La ministre de l’enseignement supérieur, Geneviève Fioraso, a récemment indiqué qu’elle  souhaitait mieux encadrer les stages en entreprise, notamment en limitant la durée des stages à 6 mois, une mesure prévue dans la loi mais jamais appliquée faute de décret. « Certains secteurs, comme la publicité, ont entre 10% et 15% de stagiaires. Ce n’est pas normal, et nous étudions, avec le ministre du Travail, Michel Sapin, la possibilité de fixer des plafonds », ajoute t-elle. Qu’en est-il du secteur bancaire ?

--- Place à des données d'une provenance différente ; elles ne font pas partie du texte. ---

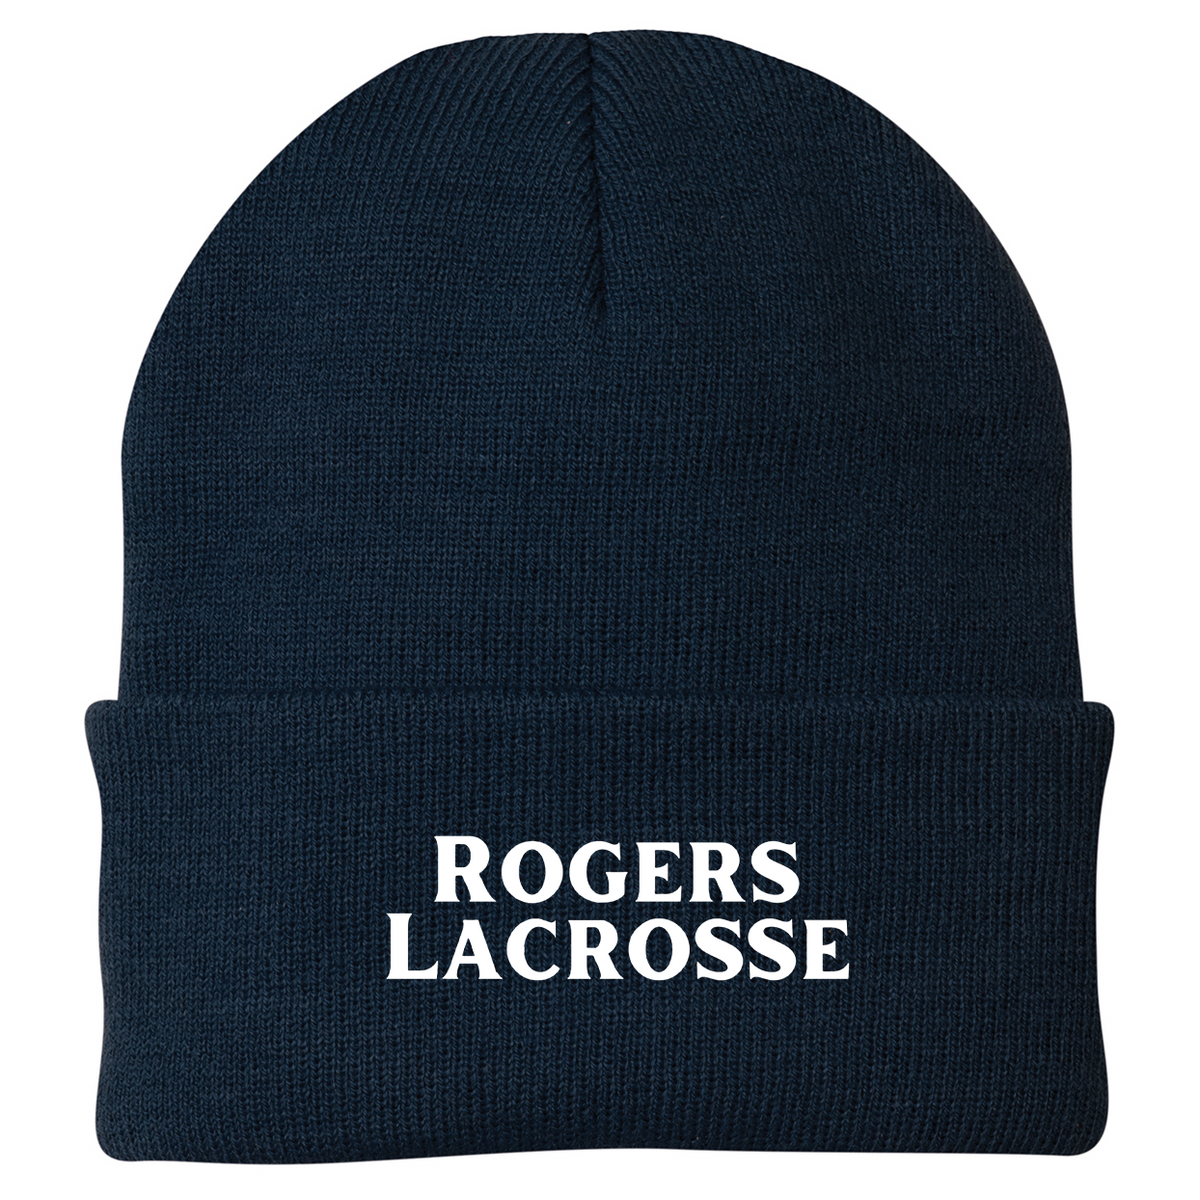 Rogers Lacrosse Knit Beanie
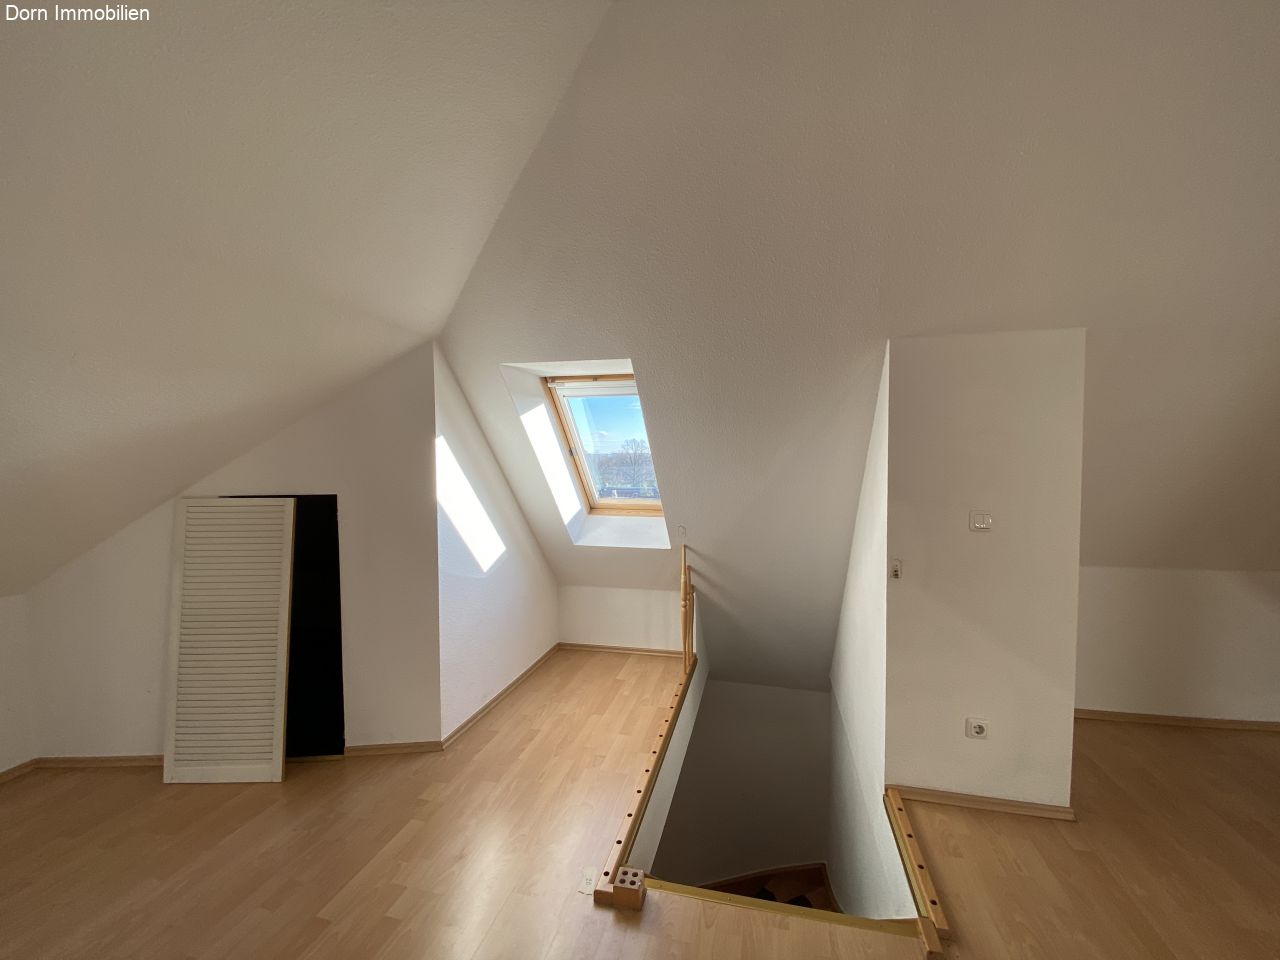 Wohnzimmer mit kleinem Abstellraum

Dans son dernier rapport disponible sur les stages étudiants dans les banques, l’Observatoire des métiers de la banque évoque une capacité d’accueil de l’ordre de 16.000 stagiaires par an à l’échelle de l’ensemble des banques AFB, et près de 30.000 en raisonnant dans le cadre du périmètre FBF. Des chiffes qui font du secteur bancaire l’un des tous premiers en matière d’accueil de stagiaires étudiants avec en moyenne 8,5% de stagiaires pour les seuls groupes et établissements de plus de 1.000 salariés. Soit un taux bien en dessous de 10%. Encore faut-il relativiser, des écarts significatifs existants entre établissements : le taux descend à 6 % pour les établissements à effectifs intermédiaires (de 100 à 1.000 salariés), mais remonte à 15 % pour les plus petits établissements.

Sans surprise, l’étude constate une forte présence des stagiaires dans la banque de détail (60% d’entre eux), le reste se répartit entre la BFI et les fonctions supports, à concurrence de 23% et de 17%. Mais ce ne sont là que des chiffres globaux et quoiqu’on en dise, les grandes banques d’investissement sont friandes de stagiaires, alternants et autres VIE. Pour s’en convaincre, il suffit d’aller jeter un petit coup d’œil du côté de leurs espaces carrières. Sur celui de CACIB, par exemple, on pouvait récemment dénombrer seulement deux offres d’emplois contre 35 offres de stages de longue durée (6 mois environ), tous basés en France.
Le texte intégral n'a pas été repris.